Rapture

While reading The Folly of God by John Caputo, he mentions early on the rapture and how if it were true he would be quite content to see the “right wing” leave earth as long as he were left behind. It made me chuckle, and reminded me of a sermon by Bill Leonard where he said something very similar. Basically, he said that if the rapture were to take place, he would want to be left behind because he was certain that’s where Jesus would be found, among the hurting and forgotten.

While I chuckle at the quote from Caputo and nod in agreement with Leonard now, I also weep from my experience, and the experience of so many others, for whom the false doctrine of the “rapture” has caused so much religious trauma.

I can’t remember how old I was when our pastor decided to do a sermon series on Revelation, but that series, which was heavily influenced by the crap theologies of dispensationalism, tribulationism, millenarianism, and junk pop Christian hits like Left Behind, deeply traumatized my developing brain.

The God proclaimed from the pulpit was one of hate and rage, callously subjecting millions of people to torture and pain, and then throwing them into eternal fire.

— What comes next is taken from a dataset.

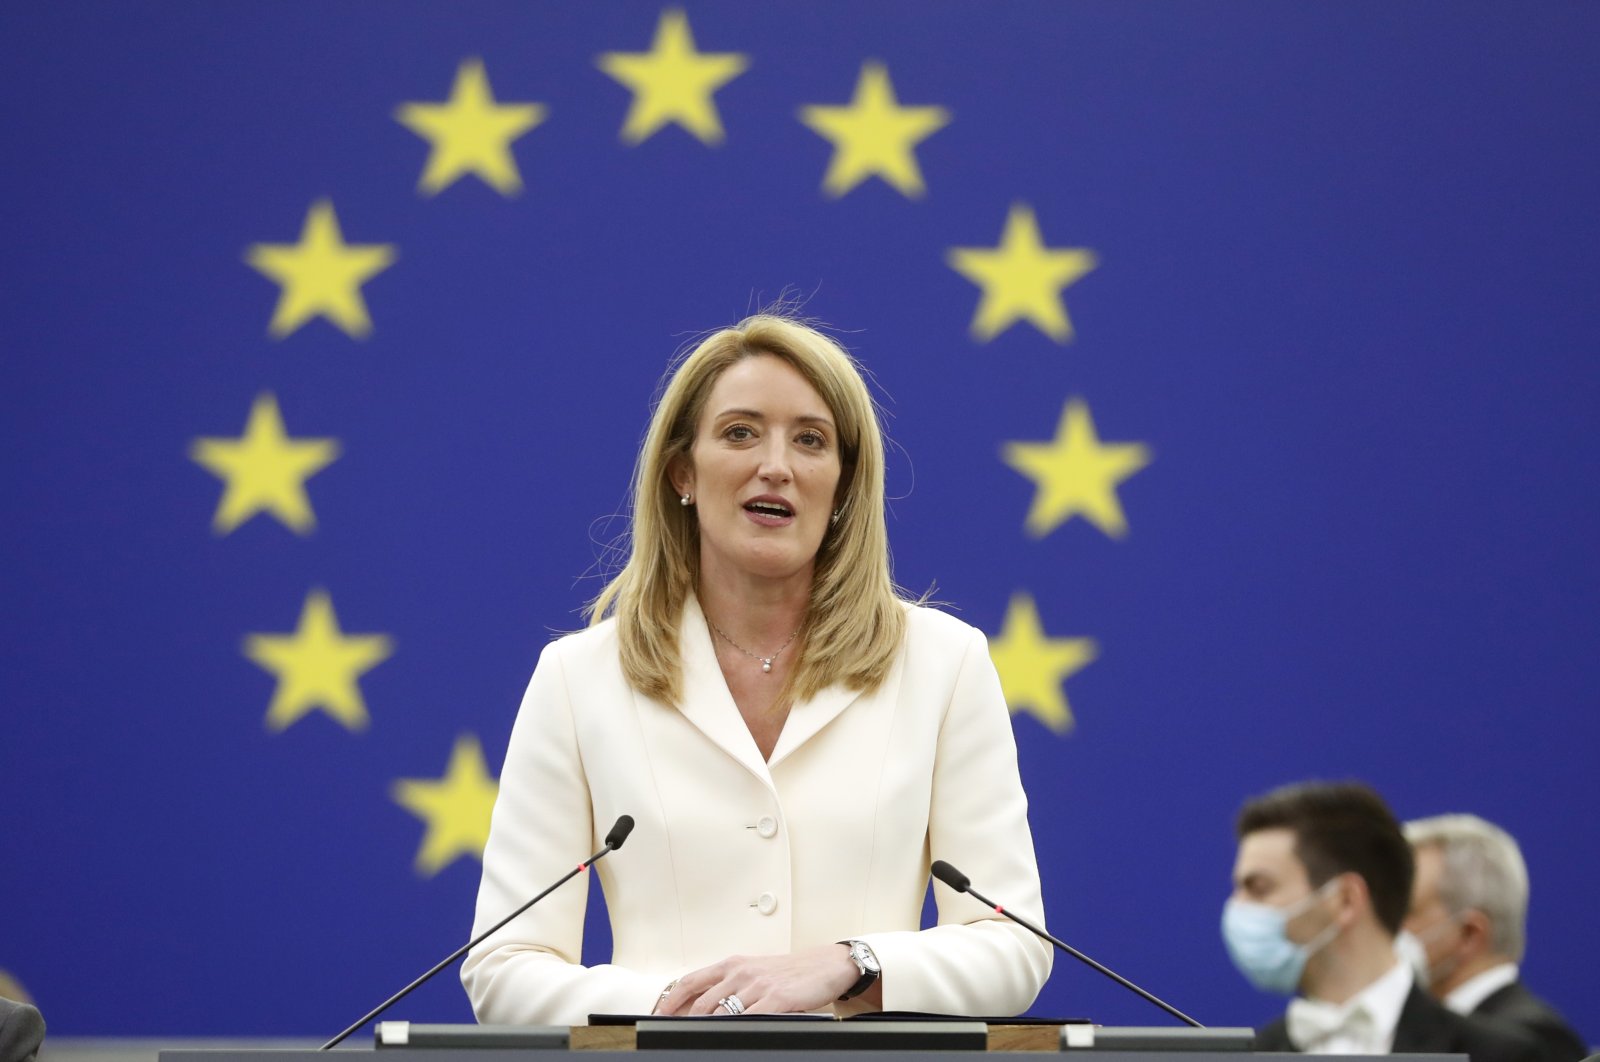 Christian Democrat Roberta Metsola of Malta delivers a speech at the European Parliament, in Strasbourg, eastern France, Jan 18, 2022. (AP Photo)

And because of an extreme emphasis on such concepts as the “unpardonable sin,” and those who think they’re Christian but really aren’t, people for whom their conversion wasn’t true or deep enough, coupled with an active suppression and repression of any doubt or questions, I was led to deeply troubling questions.

How can I be sure I won’t be left behind?

How can I be sure that God loves me?

How can I be sure I was one of the elect?

So I lived in torment and trauma. Will the earth open up and swallow me into hell? Will I be left behind because of my doubts (cause clearly they prove I’m not Christian)? Will God torment me for all of eternity?

I recall what felt like an almost nightly routine of waking in the middle of the night and being frightened by the silence in the house. I would then wander down the hall to check in my parents’ room to make sure that they were still there; that the rapture hadn’t happened and that I had been left behind.

My God, what trauma!

I swear that not one theology has done more harm to Christians and to the perception of religion as a whole than this unorthodox, unbiblical belief.

It casts God as a capricious, vengeful being that joys in the torment of his (intentional gendered language here) creation. Whereas the Bible, and mystical religion in general, pictures the Divine as a lover, or as a mother caring for her children at her bosom.

I have to admit I’m still bitter about the prevalence of these kinds of horrible theology in my upbringing, and the harm, deep trauma, they caused in my life and the lives of so many. I just hope we can learn to do better, and that eventually those who ascribe to such “theologies” will eventually see them for what they are, abusive tools of control and not creations of love.